A hard choice! I’ve always loved the simplicity of Out of the Dust, Karen Hesse’s award-winning novel about the dust bowl during the Great Depression. The haunting Walker Evans photograph is the perfect image for Billie Joe’s stark, moving story.

Name one book that made you think 'wow'? Why did it have such an effect on you?
What an impossible question! I’m going to be disobedient and name three: First, I will never forget reading Virginia Woolf’s novel, Mrs. Dalloway for the first time. I was blown away by the structure, the beauty and rhythm of her sentences, the way she used stream of consciousness to enter into her characters. I admired the way she revealed the events of two dramatically different lives during the course of a single day. It’s a book I reread every few years. Another novel that had a profound effect on me was One Hundred Years of Solitude, by Gabriel Marcía Márquez. The moment I read that dramatic opening sentence, I shivered—and I was hooked. It was my first exposure to magical realism. And I was profoundly moved by Toni Morrison’s Beloved. When I reached the last sentence I wondered: “How did she do that?” I went right back to the beginning to read it all over again.

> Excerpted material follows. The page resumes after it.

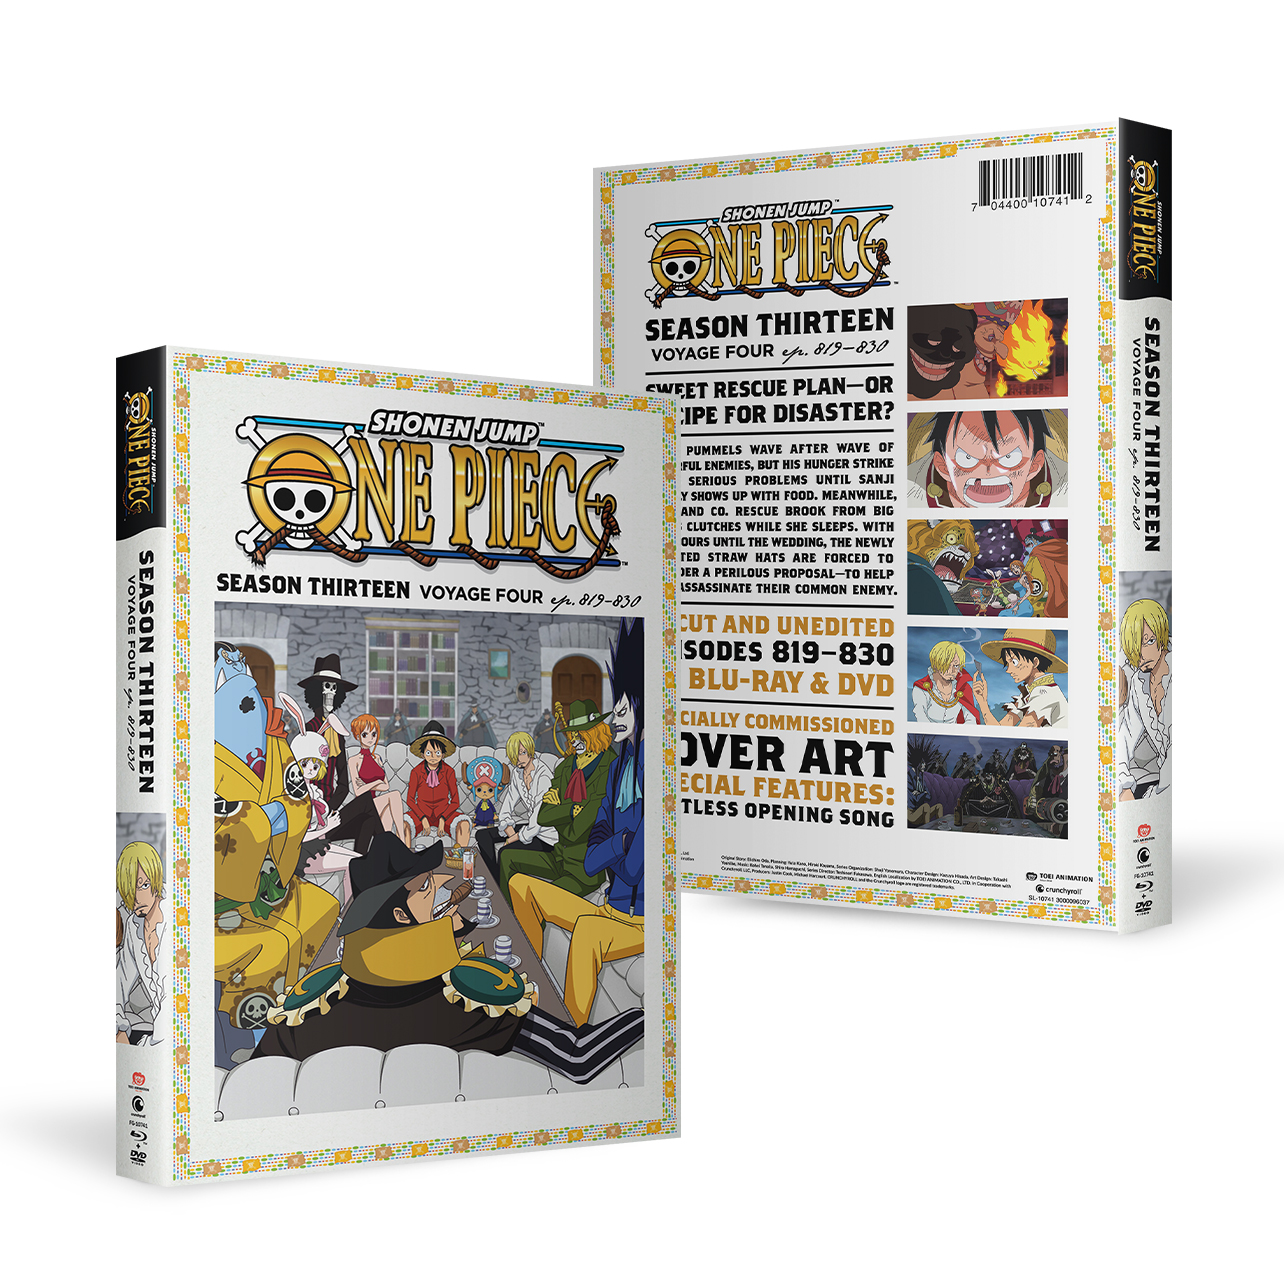 One Piece - Season 13 Voyage 4 - Blu-ray + DVD image count 0
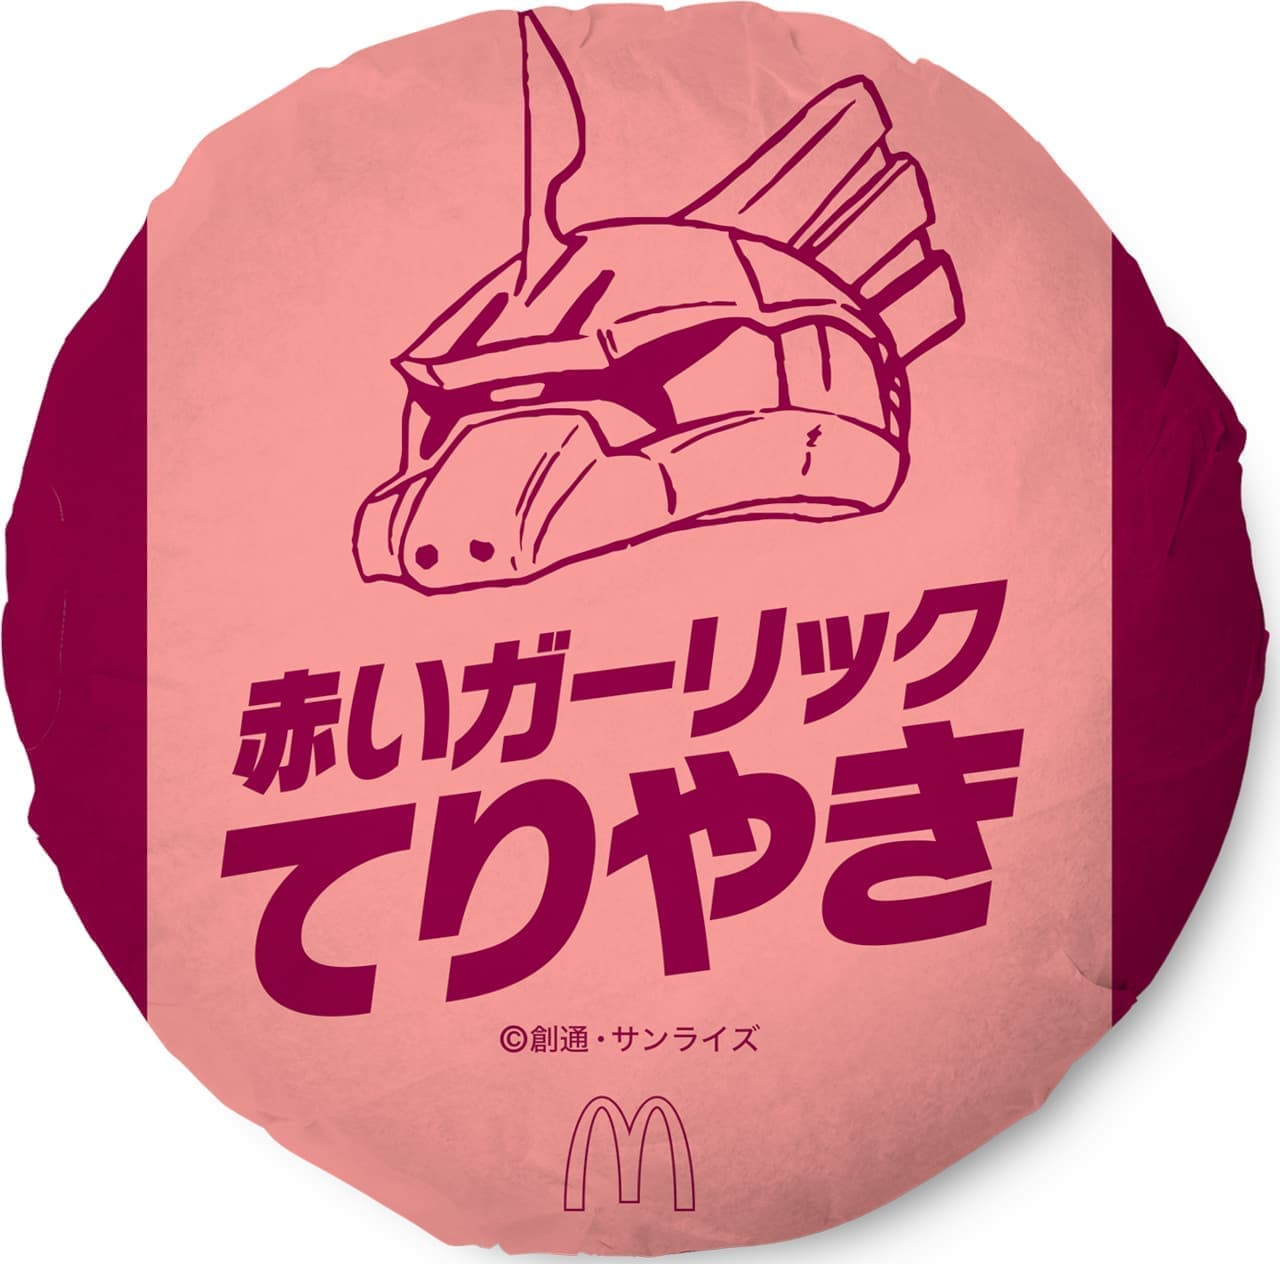 "McDonald's for Char" collaboration menu

Who, or what, inspires you?
I am inspired by young people who dare to be “upstanders:” those who speak up when they see someone being bullied or treated unfairly. Every year in the Boston area, sixth grade students write an essay about the meaning of courage. Their stories are collected and published in an anthology. Last year, Urbanity—Boston’s contemporary dance company—dramatized their stories, bringing them to life through music and dance. Hearing those stories gave me hope and motivated me to follow their example in these difficult times.

Where is your favourite place to write?
I write first drafts by hand, on lined pads. My favourite place to do that is on a comfy love seat in our bedroom alcove. It looks out towards my flower garden. I plant with pollinators in mind, so in the summer months, I’m distracted by butterflies, bees, and other insects, as well as the birds that swoop over the yard.

What is your favourite movie that was based on a book?

“The Unbearable Lightness of Being,” based on Milan Kundera’s novel of the same name.

Who is your favourite author (s) and why?

My favorite authors change from year to year, but the following have been mainstays throughout my career as a writer: Grace Paley, E.B. White, Virginia Woolf, Toni Morrison, Jim Harrison, James Baldwin, Colum McCann, Ellen Levine, M.T. Anderson, and Gary Snyder.

If you could have a dinner party with any authors from any time in history, who would you choose and why?
I’d love to listen to the stories and witness the inspirational sparks that would fly if Virginia Woolf, Rachel Carson, Toni Morrison, and Grace Paley—four strong, opinionated, brilliant women—shared a meal at our dinner table. And the evening would be even more exciting if my dear departed friend and rabble-rousing fellow writer, Ellen Levine, could join us.

Tell us a random fact about yourself.
I’m a climate activist and an environmentalist. For years, I got up once a month at 5 AM, to test the water quality in the Charles River. I’m now a member of our town’s Bee Committee (we work to protect endangered pollinators). I also write letters to the editor of newspapers on issues related to climate change and our need to reduce CO2 in the atmosphere.

Tell us something interesting about the area where you live.

Our Massachusetts neighborhood is very diverse, and our town is 30% Armenian. This means we have wonderful local markets with delicious food from the Middle East. Sometimes I’m the only person speaking English in a market where others have lively conversations in Armenian, Arabic, Turkish, or Greek. For the first few years we lived here, the Jewish community broke their Yom Kippur fast at a local Palestinian restaurant. Friends from Iran run the dry cleaner’s a few blocks away, and an Armenian family owns our favorite coffee shop. As recent posters and signs have stated: “This is what community looks like.” We’re lucky!